In short, this book is meant to help us all lead more meaningful lives. But it’s also a provocative social commentary. We live in a society, Brooks argues, that celebrates freedom, that tells us to be true to ourselves, at the expense of surrendering to a cause, rooting ourselves in a neighborhood, binding ourselves to others by social solidarity and love. We have taken individualism to the extreme—and in the process we have torn the social fabric in a thousand different ways. The path to repair is through making deeper commitments. In The Second Mountain, Brooks shows what can happen when we put commitment-making at the center of our lives.
2. Finding My Voice
By Valerie Jarrett
When Valerie Jarrett interviewed a promising young lawyer named Michelle Robinson in July 1991 for a job in Chicago city government, neither knew that it was the first step on a path that would end in the White House. Jarrett soon became Michelle and Barack Obama’s trusted personal adviser and family confidante; in the White House, she was known as the one who “got” him and helped him engage his public life. Jarrett joined the White House team on January 20, 2009 and departed with the First Family on January 20, 2017, and she was in the room–in the Oval Office, on Air Force One, and everywhere else–when it all happened. No one has as intimate a view of the Obama Years, nor one that reaches back as many decades, as Jarrett shares in Finding My Voice.

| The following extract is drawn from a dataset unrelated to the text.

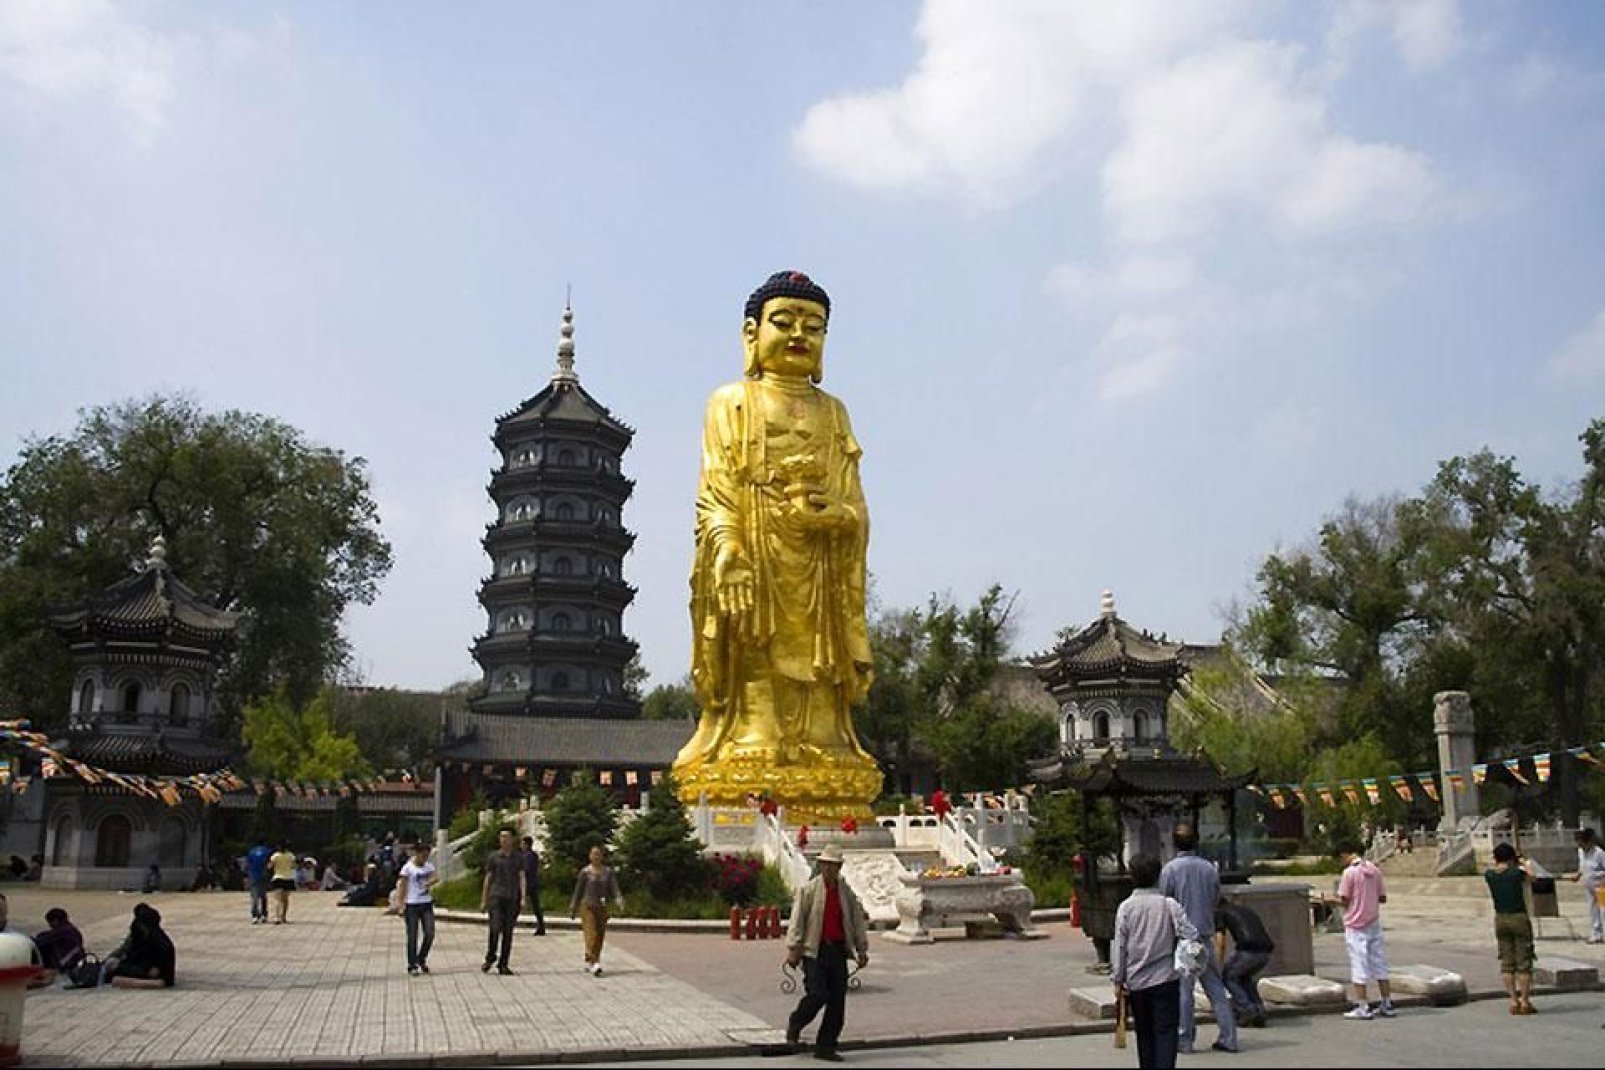 Der Guanyin-Buddha, ein weibliches 'Erleuchtungswesen des Mitgefühls' und im Volksglauben auch als Göttin verehrt, steht vor dem Kek Lok Si Temple in Harbin.

From her work ensuring equality for women and girls, advancing civil rights, reforming our criminal justice system, and improving the lives of working families, to the real stories behind some of the most stirring moments of the Obama presidency, Jarrett shares her forthright, optimistic perspective on the importance of leadership and the responsibilities of citizenship in the twenty-first century, inspiring readers to lift their own voices.
3. City of Girls
By Elizabeth Gilbert
Beloved author Elizabeth Gilbert returns to fiction with a unique love story set in the New York City theater world during the 1940s. Told from the perspective of an older woman as she looks back on her youth with both pleasure and regret (but mostly pleasure), City of Girls explores themes of female sexuality and promiscuity, as well as the idiosyncrasies of true love.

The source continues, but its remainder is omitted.